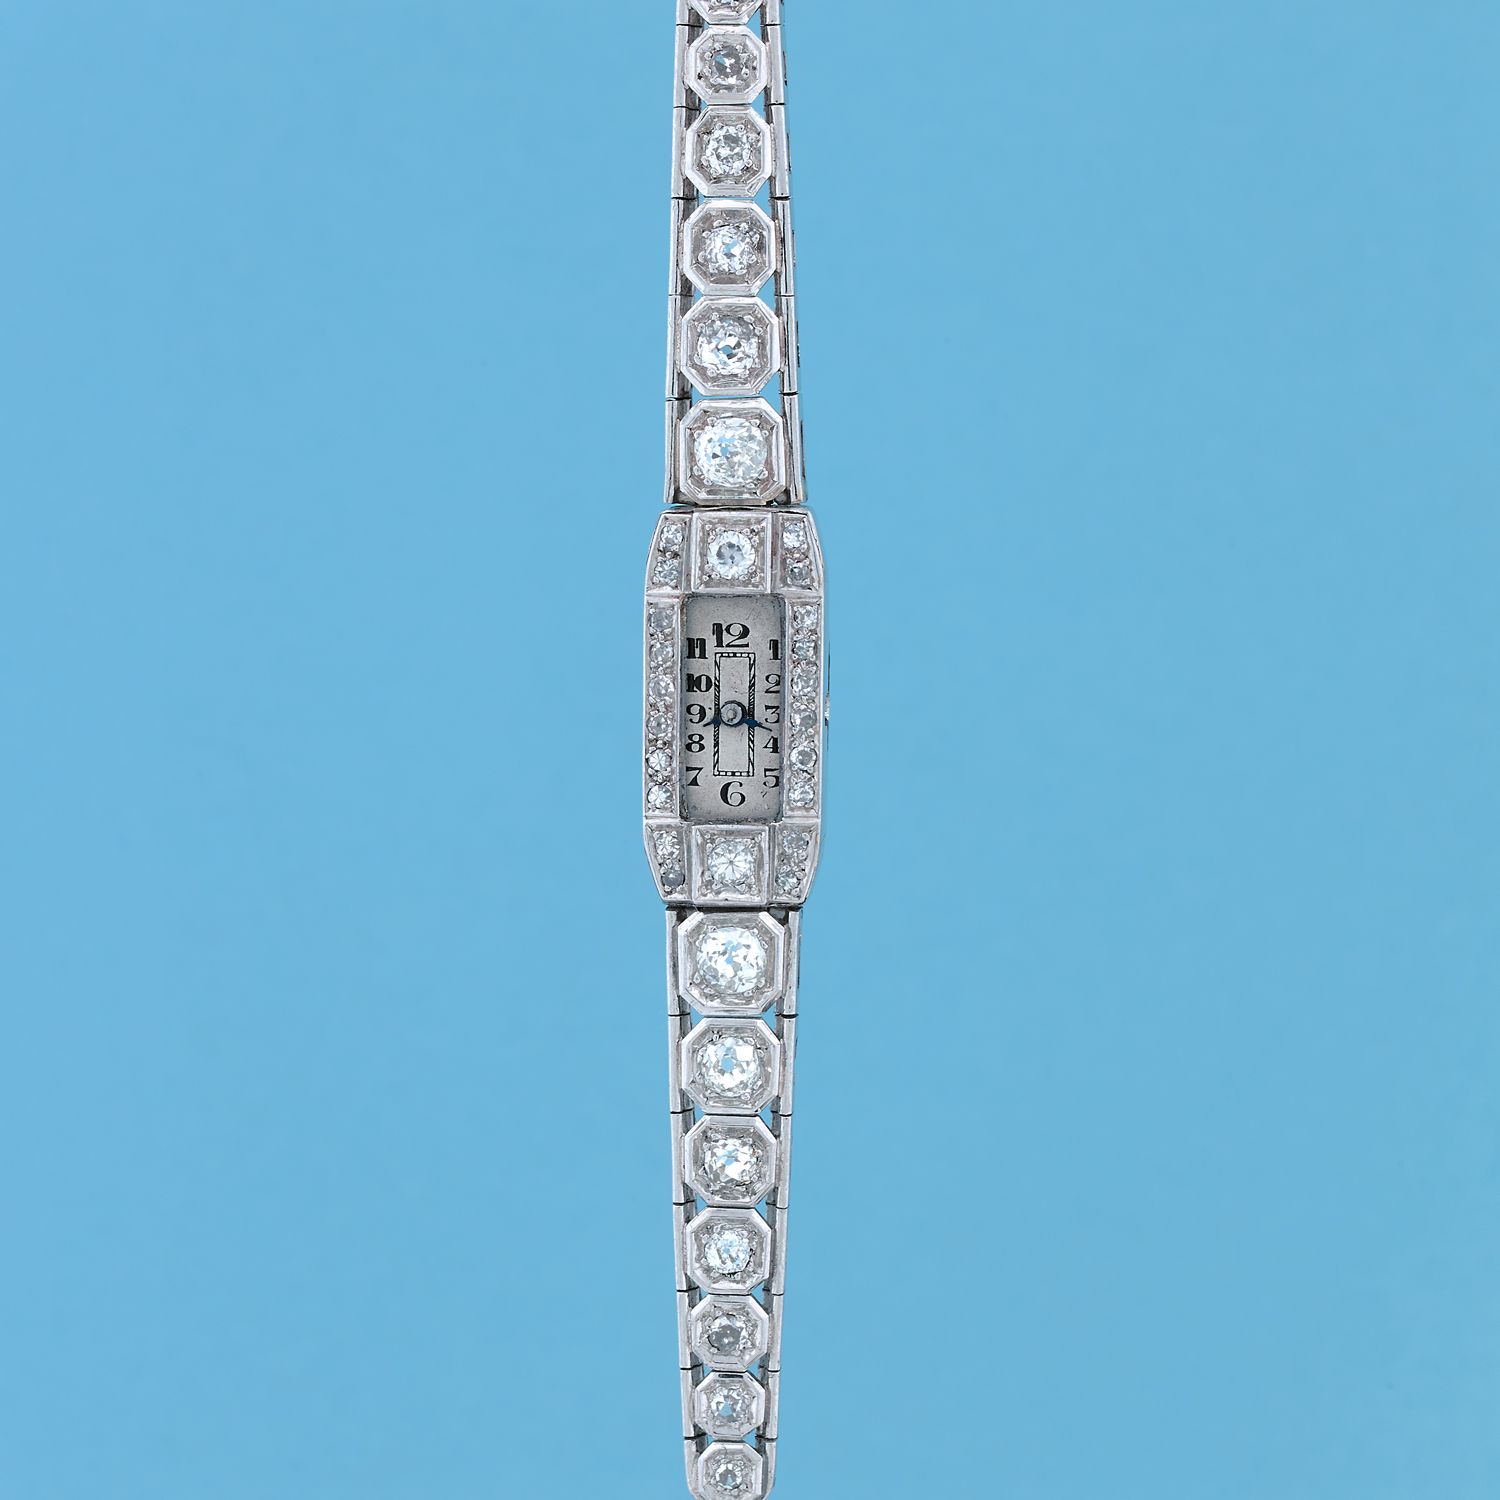 Null 艺术装饰手表
约1930年。
铂金女士腕表。表壳上铺设了老式切割钻石。屏幕破损，没有上弦机制。白色表盘上有彩绘数字。机械机芯，手动上链。

直径：10&hellip;

• **ASSIGNED TASK**: Without any of its pictures, the listing is to be repeated exactly as it stands.

• **SOLUTION TO THIS TASK**:
 Null 艺术装饰手表
约1930年。
铂金女士腕表。表壳上铺设了老式切割钻石。屏幕破损，没有上弦机制。白色表盘上有彩绘数字。机械机芯，手动上链。

直径：10&hellip;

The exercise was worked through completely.